New discoveries unearthed by the Cassini-Huygens space mission to Saturn continue to challenge evolutionary cosmologists.
For example, Titan, Saturn’s largest moon, has long been known to have an atmosphere, but its composition puzzles long-age cosmologists. The sun’s UV radiation breaks down methane (CH4), and the hydrogen would escape Titan’s weak gravity. In fact, methane should last only for about 10,000 years. And a major by-product should be an ocean of liquid ethane hundreds of metres thick. Yet Titan still has methane clouds, while large areas of liquid ethane are nowhere to be found.

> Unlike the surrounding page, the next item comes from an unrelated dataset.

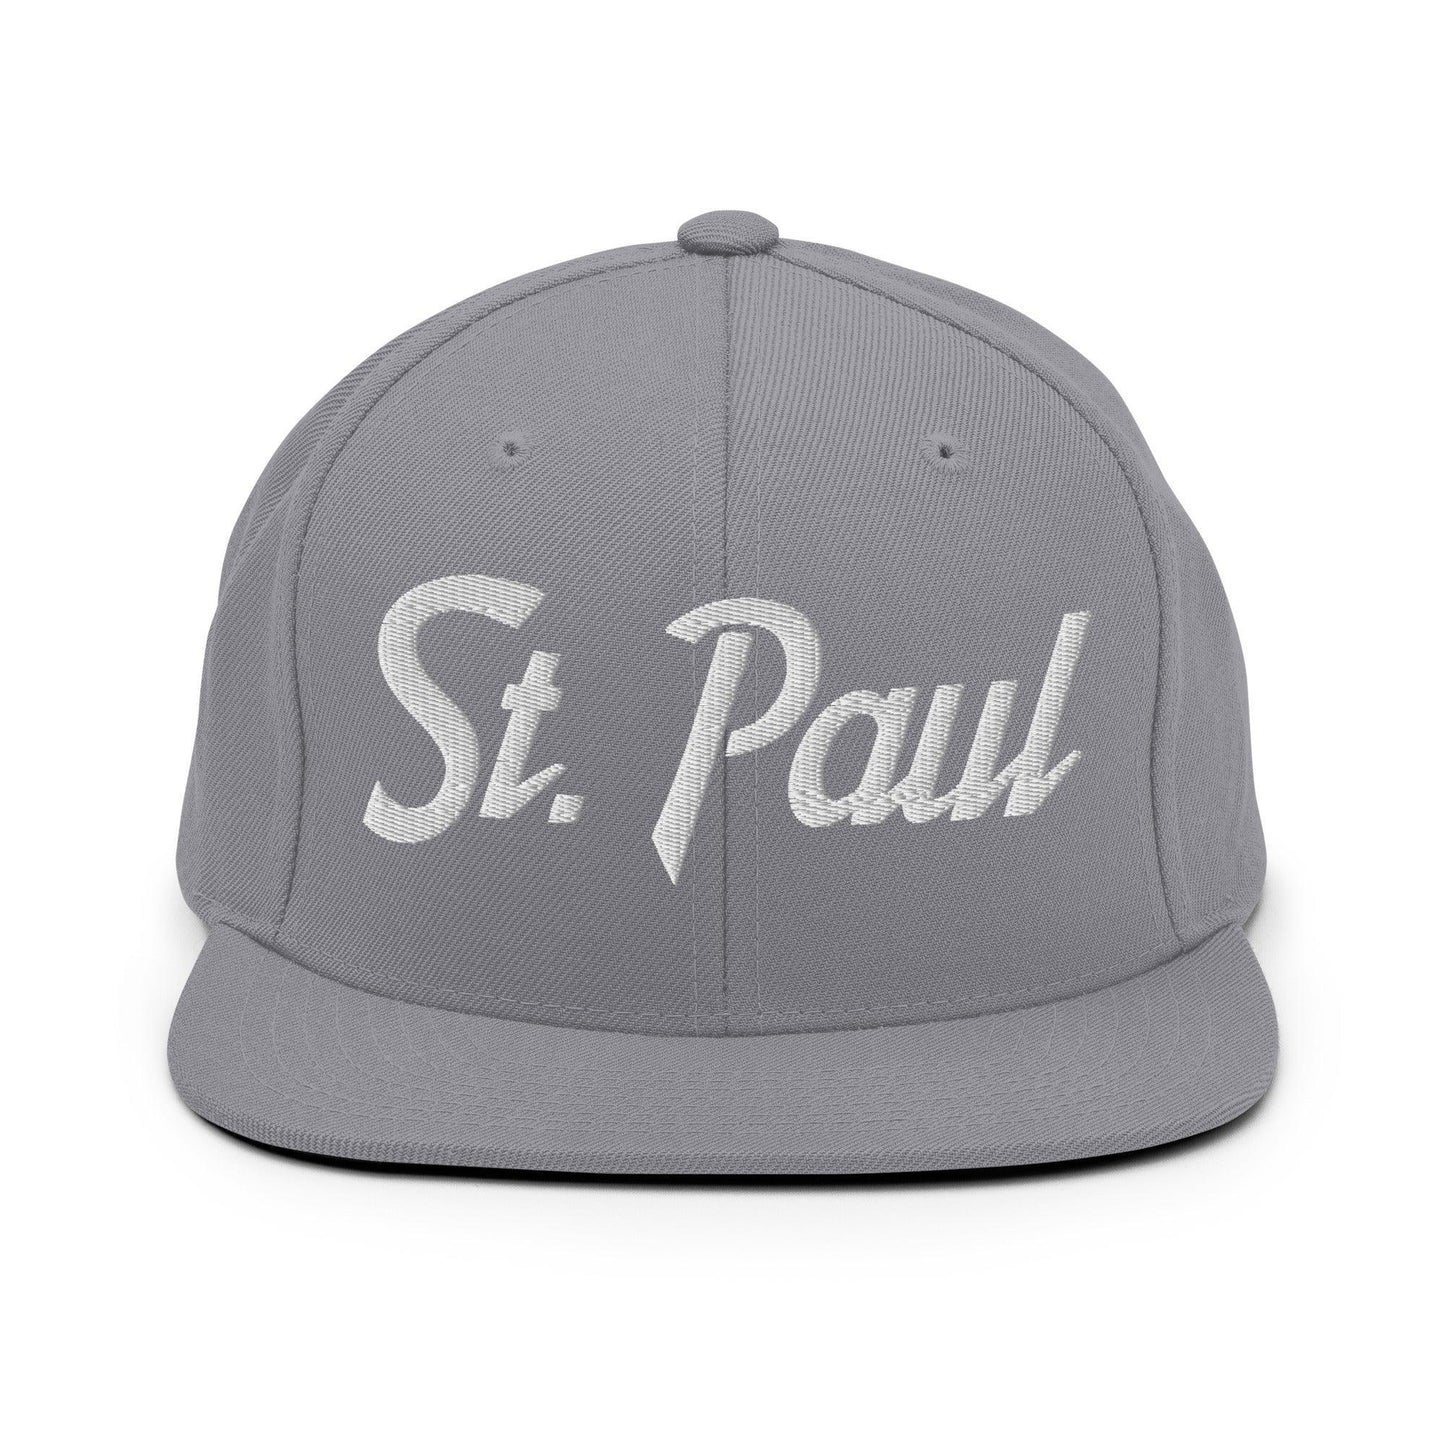 St. Paul Script Snapback Hat Silver

Also, Cassini found two more moons orbiting Saturn. However, they are ‘a surprise because such small bodies, just 3 or 4 kilometres across, should have been obliterated long ago by collisions with comets’.
- The missing methane, Astrobiology Magazine, web.archive.org/web/20111112090325/astrobio.net/index.php?option=com_retrospection&task=detail&id=1478, 17 March 2005.
- New Scientist, 21 August 2004, p. 5; 20 November 2004, p. 9.
Although the evidence is obviously consistent with a young (6,000-year-old) universe, evolutionists are committed to billions of years. So they try to explain away the data, e.g. by postulating methane sources. Why? Perhaps because without long periods of time, evolutionary theories collapse!